"Malo", de José María Salbidegoitia Arana

23.05.2019

- No puede ser. No me lo puedo creer. ¡Mierda!

Por el reflejo del cristal del escaparate de la juguetería enmarcado en adornos navideños, veía una pistola apuntando a mi nuca. Si. Era cierto, era él. Ni tiempo para girarme. Detonación e intenso calor y dolor.

- ¡Mierda!, exclamé.

La mano de mi hijo de dos años se desliza entre mis dedos. Con cara pálida, abrió sus ojos y miró al asesino.

Caí de espaldas, el suelo frío, mojado y, sobre todo, duro.

- ¡Mierda!, volví a exclamar.

Mi hijo me miraba llorando y decía: - Malo, malo.

Al poco tiempo estoy rodeado de rostros que apenas distingo. Nadie había visto nada. Un hombre con prisa dijo que había oído un petardo, o algo así.

Luces de coches policiales y ambulancias, mirones de reojo que cuchichean frases hechas se alejan con una mezcla de rabia, miedo, estupor y complicidad: "no hay derecho, delante de un niño", "son unos asquerosos", "qué mala imagen de nuestro pueblo".

Una enfermera coge en brazos al niño y le pregunta: - ¿Estás bien?

Llorando, mi hijo señala el callejón y dice: - Malo.
- Ya, pero tú eres bueno. ¿A que si?. El niño mirando al suelo, asiente con la cabeza.

Camilla, traslado al hospital, sirenas, luz blanca y ... ¡Caronte a la vista!

Durante la travesía le conté que me había asesinado un Jano con un rostro encantador para el nosotros y otro aterrador para el ellos. Un Mesías que sentía amenazada una milenaria identidad, que asumía la responsabilidad de velar por la auténtica identidad del pueblo y se autoconvenció de ser el elegido como salvador y depositario de ese legado milenario. Un desertor de seminario, pero fiel a la orgía de la salvación luchando contra el mal. Un descreído que ha sustituido el paraíso celestial por el terrenal, pero creyente en la nueva fe de la religión patriótica. Un portador de quintales de dignidad de un pueblo, para ocultar las toneladas de odio hacia el que piensa diferente.

Un nuevo Dios que imparte justicia divina y decide sobre la vida, la muerte y los derechos de los demás. Un buscador de conflictos, creador de enemigos a eliminar para lograr ser él el conflicto. Un intérprete de lo que quiere el Pueblo. Un perverso devoto de lo sublime, de la melancolía y de la nostalgia del siempre fue, pero nunca es. Un recitador de letanías de autoafirmación, de agravios a nosotros y a lo nuestro. Y al mismo tiempo, un amante de su familia y de los suyos, un simpático vecino, siempre en cuadrilla, alegre, reivindicativo en el barrio y dinamizador de las fiestas patronales.
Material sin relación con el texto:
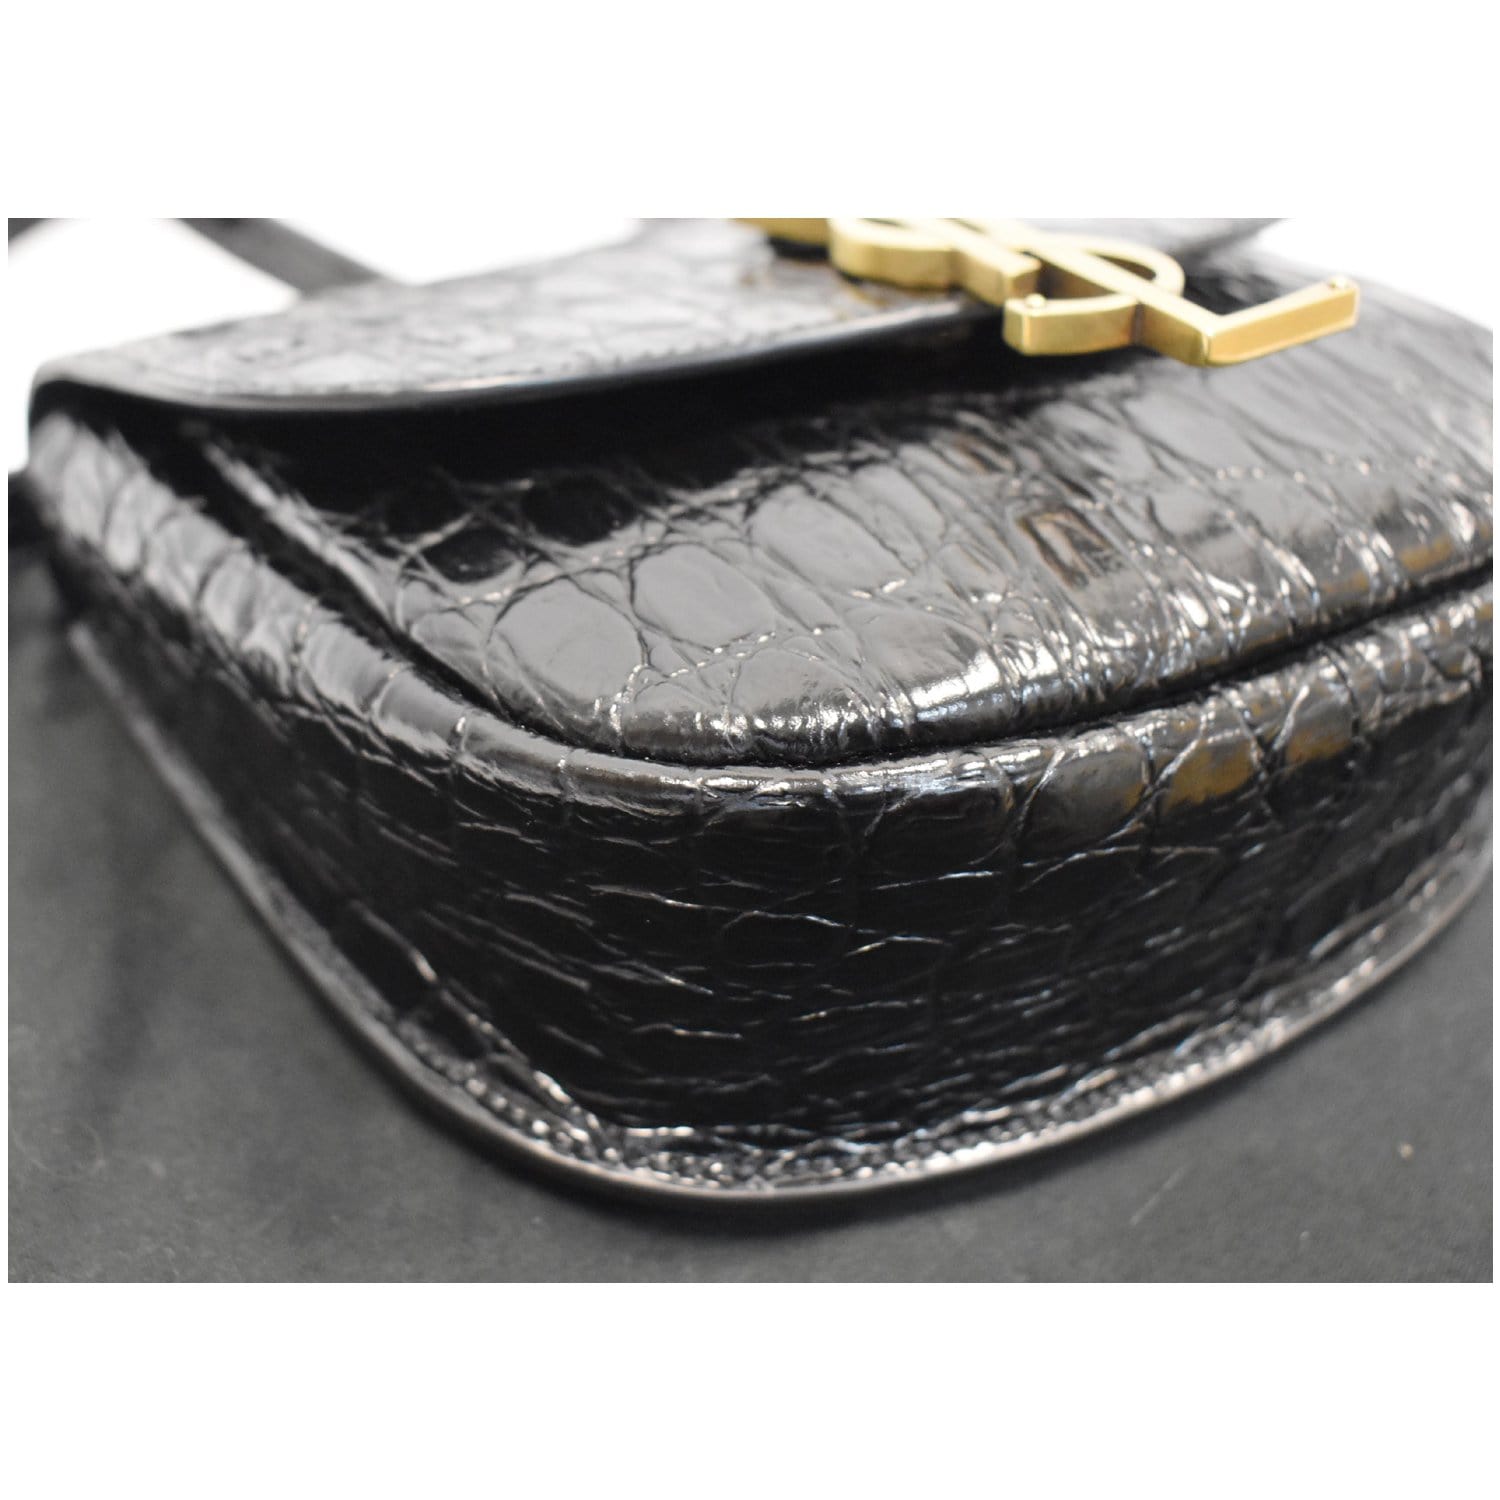 YVES SAINT LAURENT Kaia Small Crocodile Embossed Leather Satchel Bag B

El barquero me miró compasivo diciendo: - Muchas cosas es ése, pero, ¿algo habrás hecho, no?

- Sí, haber escrito en un periódico que nadie sabe definir la patria, porque todos la definimos y la sentimos de modo distinto, que las identidades son siempre múltiples y reducirlas a una y verdadera es una forma de exclusión. Que hacer incompatibles las identidades, lo que sientes, lo que amas, es como decir que solo hay una forma de amor posible, por lo que la libertad de identidad debe ser la nueva libertad de conciencia.

Mi madre me había dicho que, aunque no las entendía, le parecían bien mis ideas, pero decirlas públicamente era peligroso. Pero yo quería ser libre, deseaba vivir en libertad.

Un día, pasados unos meses de esquivos vecinos, retirada de saludos, cambio de ikastola, de pasar temporadas en casa de los padres, mi mujer y mi hijo coincidieron en el ascensor con el vecino del quinto, ese padre ejemplar que mira a su hija con ternura, que usa un rico perfume, un poco abertzalote, pero...

- Egun ederra, bai. (Tiempo espléndido), dijo.

- Bai benetan (De verdad que sí), respondió mi mujer.

Mi hijo, tirando de la falda de su madre y, con voz queda, dijo: - Malo.